Congo : la dette publique baisse à 7229,63 milliards de FCFA en 2025

Au 31 décembre 2025, l’encours global de la dette publique a enregistré un recul significatif de 2,49 %.

Selon le rapport sur la  »Stratégie de gestion de la dette à moyen terme », le stock de la dette publique congolaise(hors arriérés) s’établit désormais à 7 229,63 milliards de FCFA. Il est en baisse de 185,2 milliards de FCFA (-2,49%) par rapport à 2024. En un an, le pays a réussi à réduire son ratio d’endettement de plus de 6points, passant de 80,18 % du PIB en 2024 à 74,11 % fin 2025. Cette décompression budgétaire offre au gouvernement de nouvelles marges de manœuvre, bien que l’encours reste dominé par une composante intérieure prépondérante.

Le portefeuille de la dette reste majoritairement porté par le marché local. La dette intérieure culmine à 4 418,03 milliards de FCFA, soit 61,11 % de l’encours total.

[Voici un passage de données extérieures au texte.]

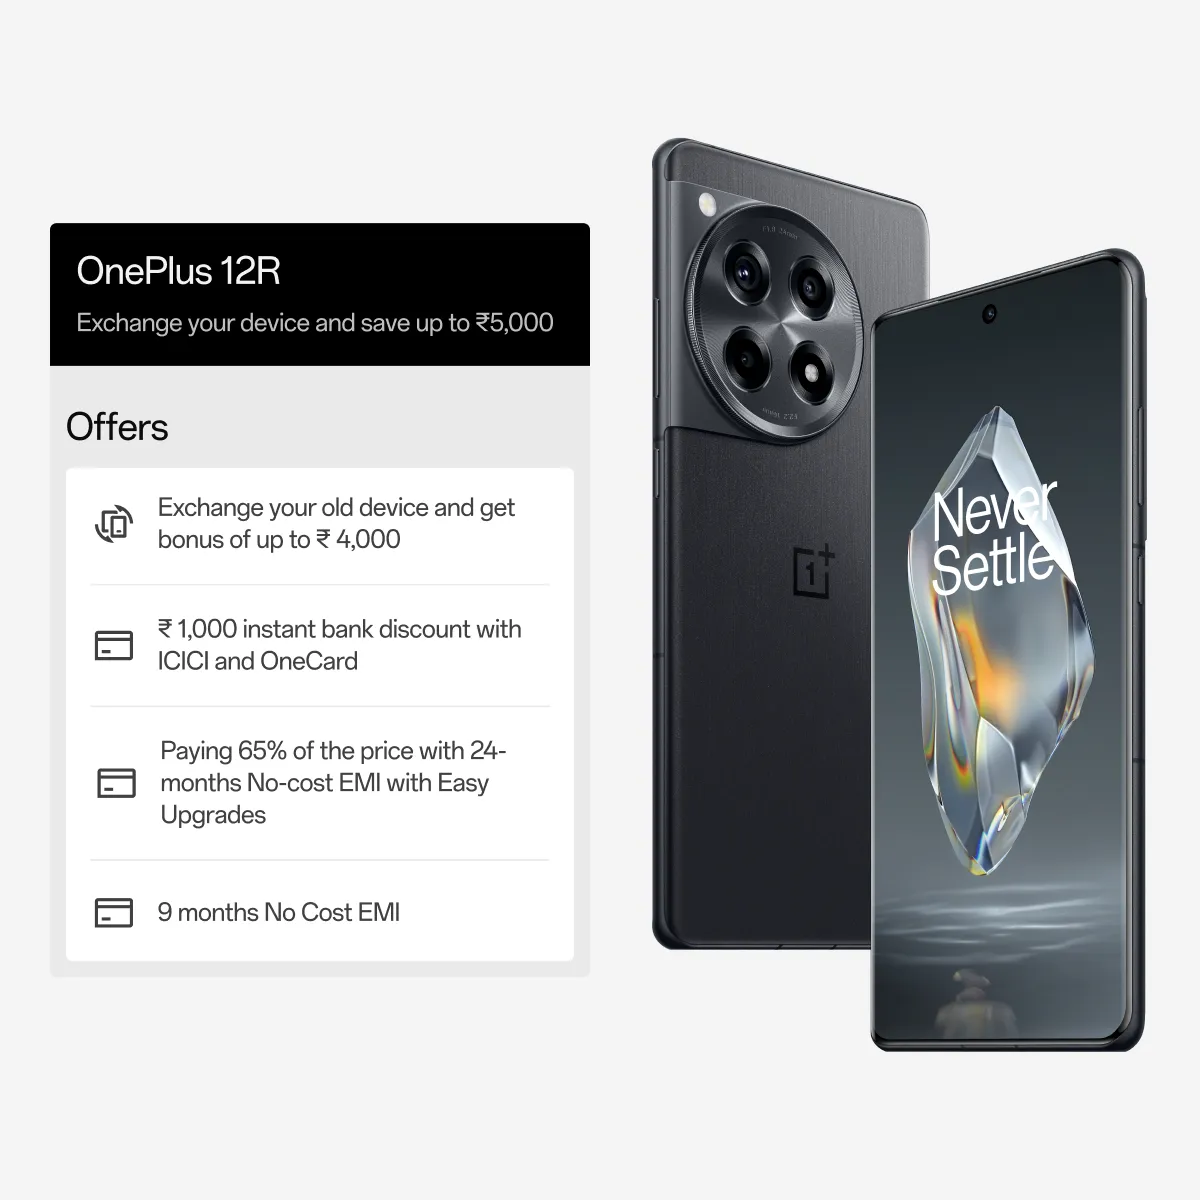 OnePlus 12R comes with UFS 3.1 storage, not UFS 4.0 : Does it make a difference?

Cette catégorie, qui pèse pour 45,29 % du PIB, est structurée autour de trois piliers. D’abord, les titres publics, ils dominent largement avec 47,17 % de la part intérieure. Les créanciers sociaux : (17,22 %), les engagements envers la BEAC : (13,42 %).

La dette extérieure, évaluée à 2 811,62milliards de FCFA (28,82 % du PIB), montre une forte dépendance aux partenaires institutionnels. Les créanciers bilatéraux demeurent les principaux bailleurs de fonds étrangers (45,92 % de la dette externe), suivis de près par les multilatéraux(42,89 %), portés par des institutions de premier plan telles que l’IDA (Groupe Banque mondiale), la BAD et le FMI. Les créanciers commerciaux, quant à eux, ne représentent que 11,19 % du stock externe.

Malgré cette embellie, l’analyse de la qualité des emprunts appelle à la vigilance. La structure de la dette extérieure révèle que les prêts non concessionnels (37,38 %) et semi-concessionnels (33,78 %) représentent ensemble plus de 71 % du portefeuille externe. La part des prêts purement concessionnels (taux d’intérêt bas et délais de grâce longs)ne s’élève qu’à 28,84 %. L’un des enjeux majeurs pour Brazzaville dans les années à venir sera de poursuivre la restructuration de ce portefeuille afin de privilégier des financements moins coûteux et d’allonger la maturité de sa dette.